Starting at the line that contains "Detail shot of" and stopping at the line that contains "ISMS and Revolutions of 1848 Outline", transcribe every line of the material below exactly; pictures stay out.

# Source data
---
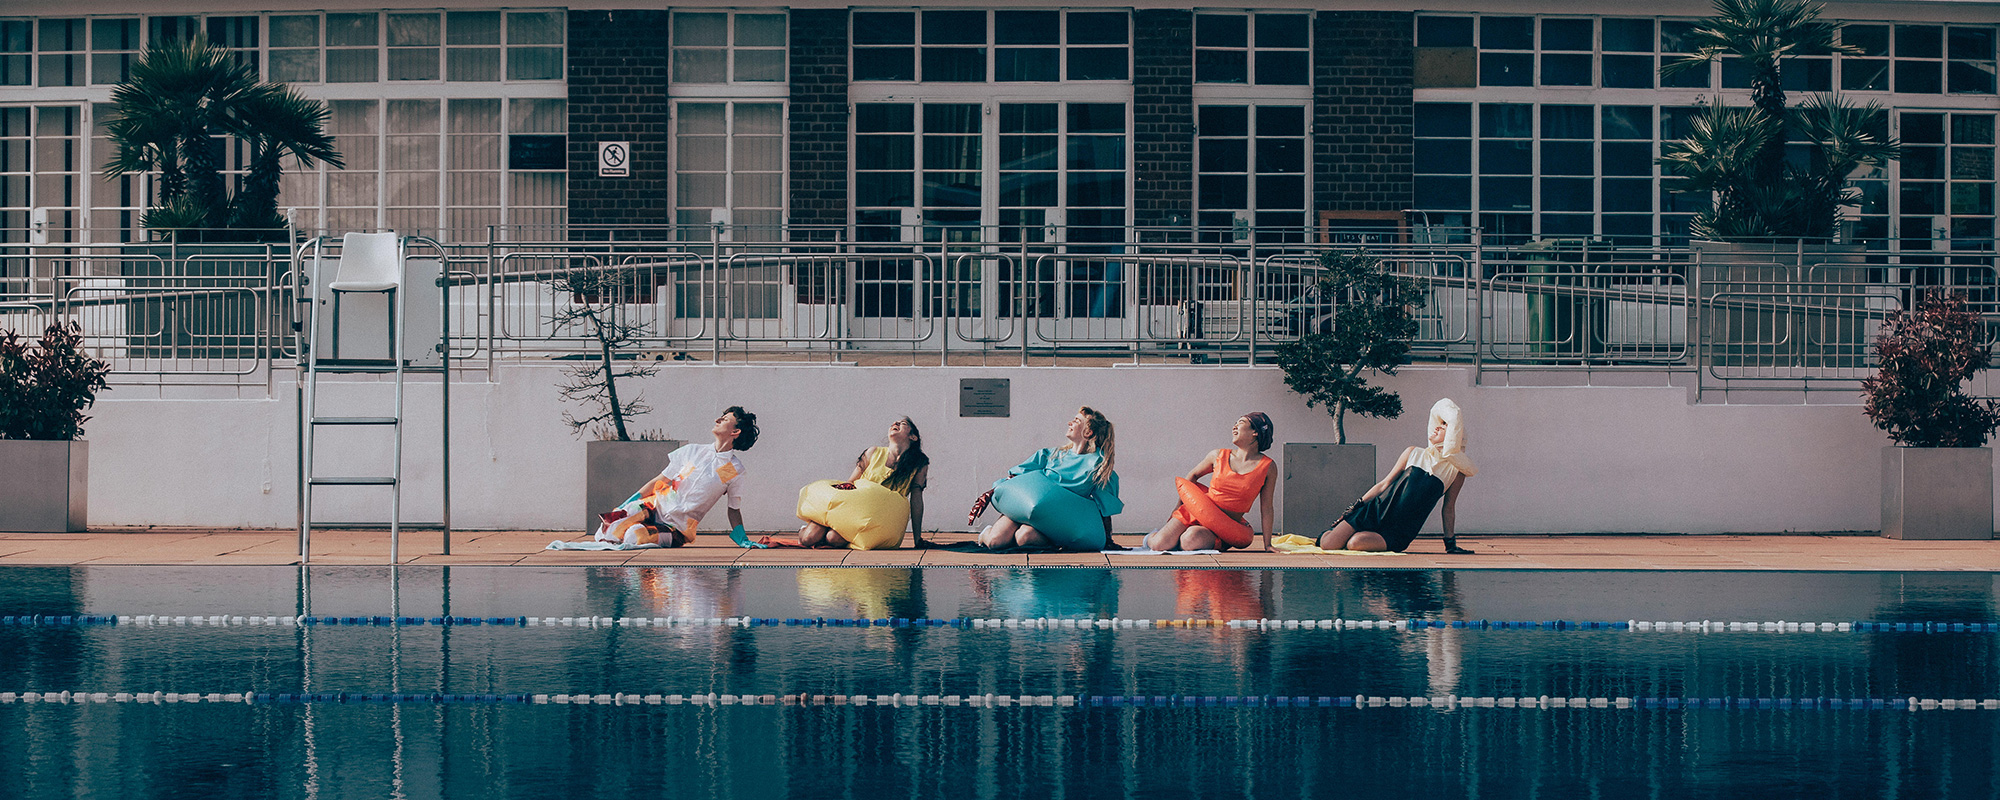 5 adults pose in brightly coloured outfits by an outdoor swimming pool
---
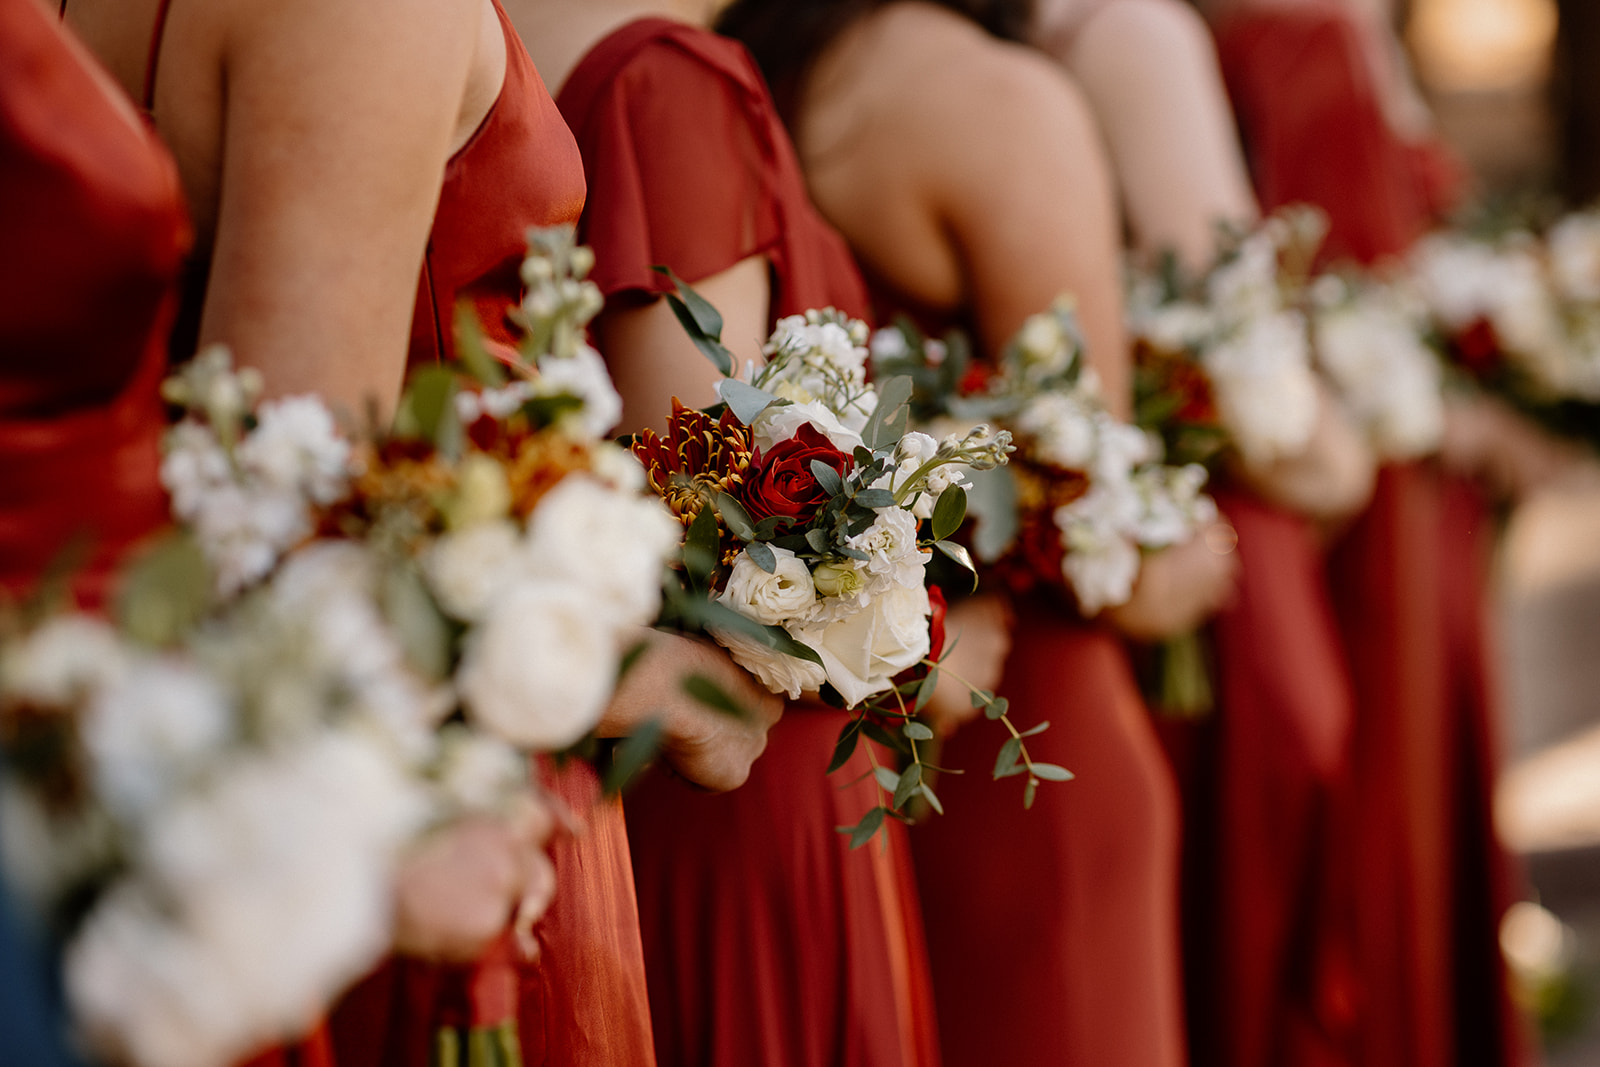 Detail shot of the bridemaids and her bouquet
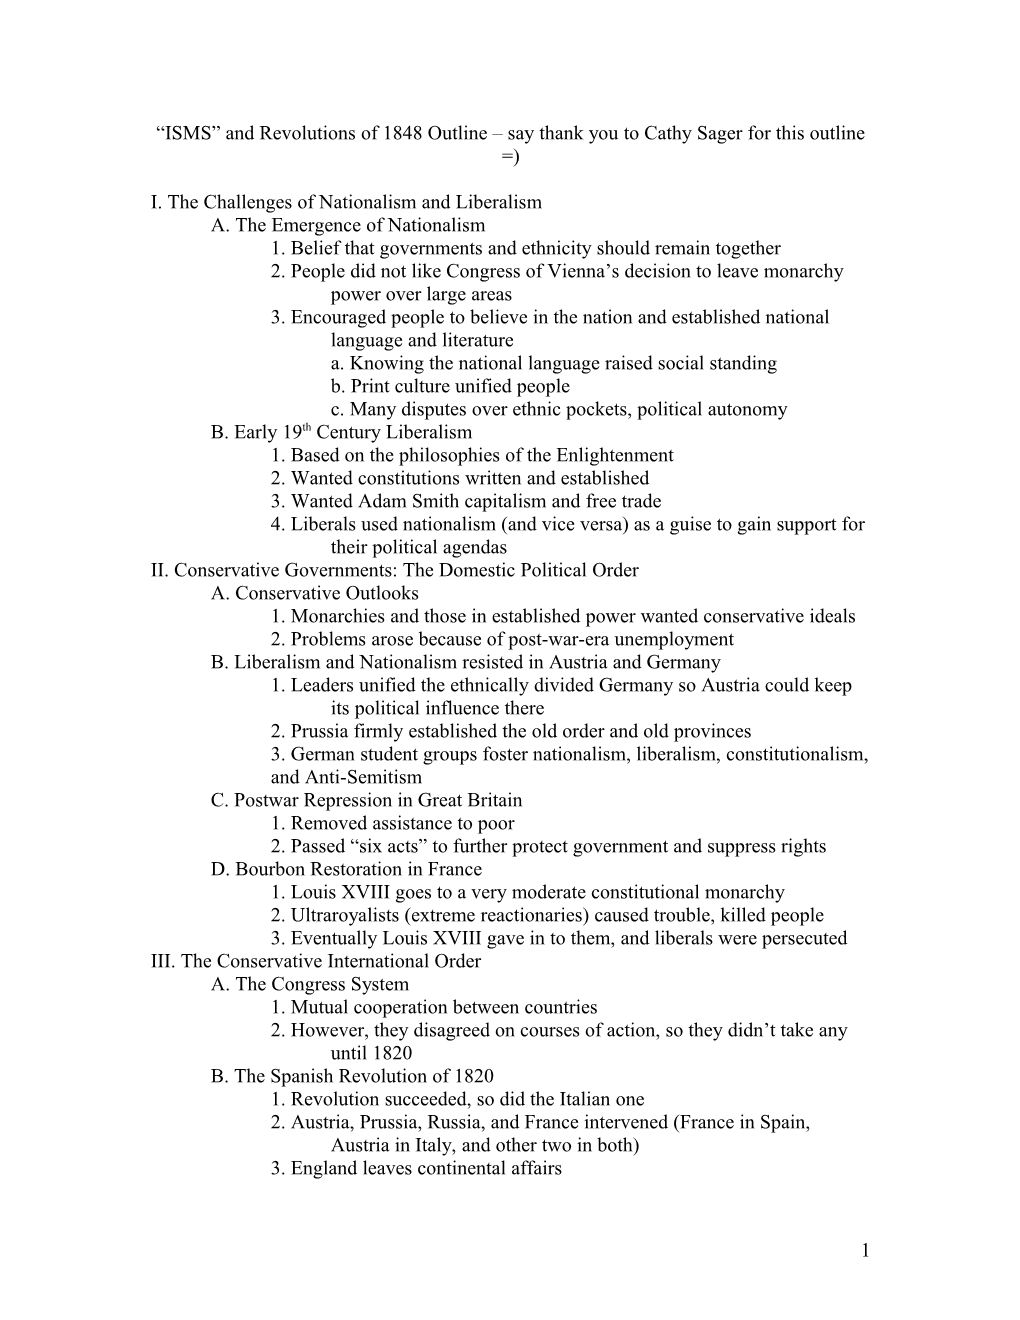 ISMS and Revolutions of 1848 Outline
---
# Answer below
 Detail shot of the bridemaids and her bouquet
 ISMS and Revolutions of 1848 Outline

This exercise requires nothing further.